Personal information
- Full name: Marcin Zając
- Date of birth: 19 May 1975 (age 50)
- Place of birth: Łódź, Poland
- Height: 1.80 m (5 ft 11 in)
- Position: Midfielder

Youth career
- 1992–1996: Start Łódź

Senior career*
- Years: Team / Apps / (Gls)
- 1996–2002: Widzew Łódź / 124 / (17)
- 2002–2006: Dyskobolia Grodzisk Wielkopolski / 80 / (18)
- 2006–2008: Lech Poznań / 55 / (15)
- 2008–2010: Ruch Chorzów / 48 / (5)
- 2012–2013: Sorento Zadębie Skierniewice / 14 / (6)
- 2015: Widok Skierniewice / 2 / (0)
- Total:  / 323 / (61)

International career
- 1997–2005: Poland / 11 / (0)

= Marcin Zając =

Polish footballer

Marcin Zając (born 19 May 1975) is a Polish former professional footballer who played as a midfielder.

==Club career==
He started his career at Start Łódź. In 1996, he was bought by Widzew Łódź, participating in their 1996–97 UEFA Champions League campaign.
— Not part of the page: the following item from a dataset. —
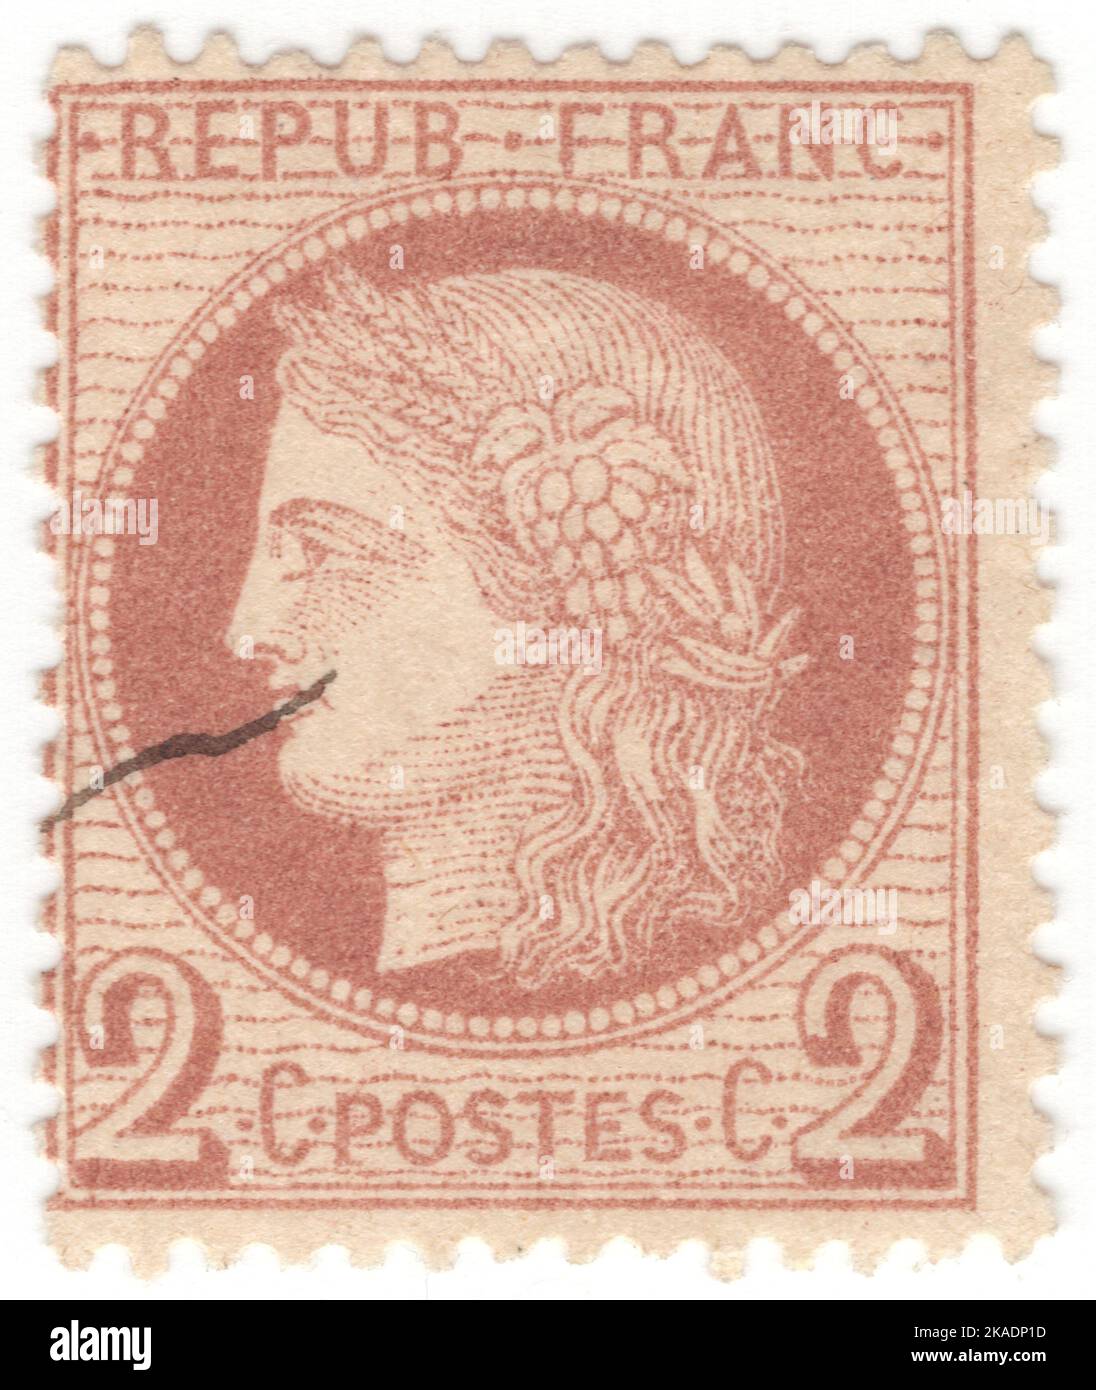 FRANKREICH - 1870: Eine 2 Rappen rotbraun auf gelblicher Briefmarke, die Ceres darstellt - Göttin der Landwirtschaft, Fruchtbarkeit, Getreide, Ernte, Mutterschaft, Die Erde, und kultivierten Kulturen Stockfoto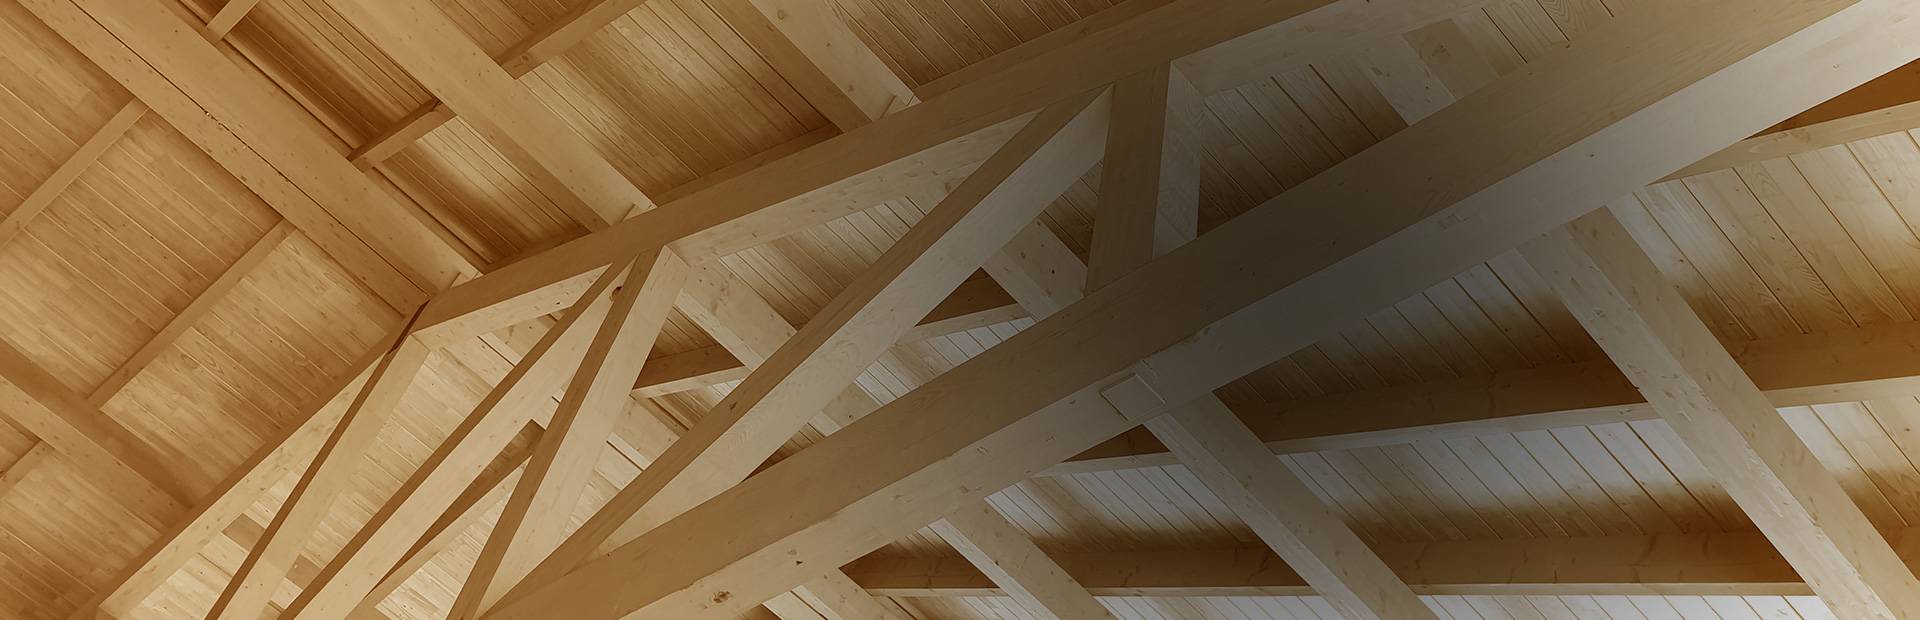 Drewniany dach

In 2002, he joined Dyskobolia Grodzisk Wielkopolski where he played for four years. In July 2004, he had a trial with Rangers. Zając spent a couple years at Lech Poznań after joining them in 2006, before transferring to Ruch Chorzów in June 2008.

==International career==
Marcin Zając has played 11 times for the Poland national football team.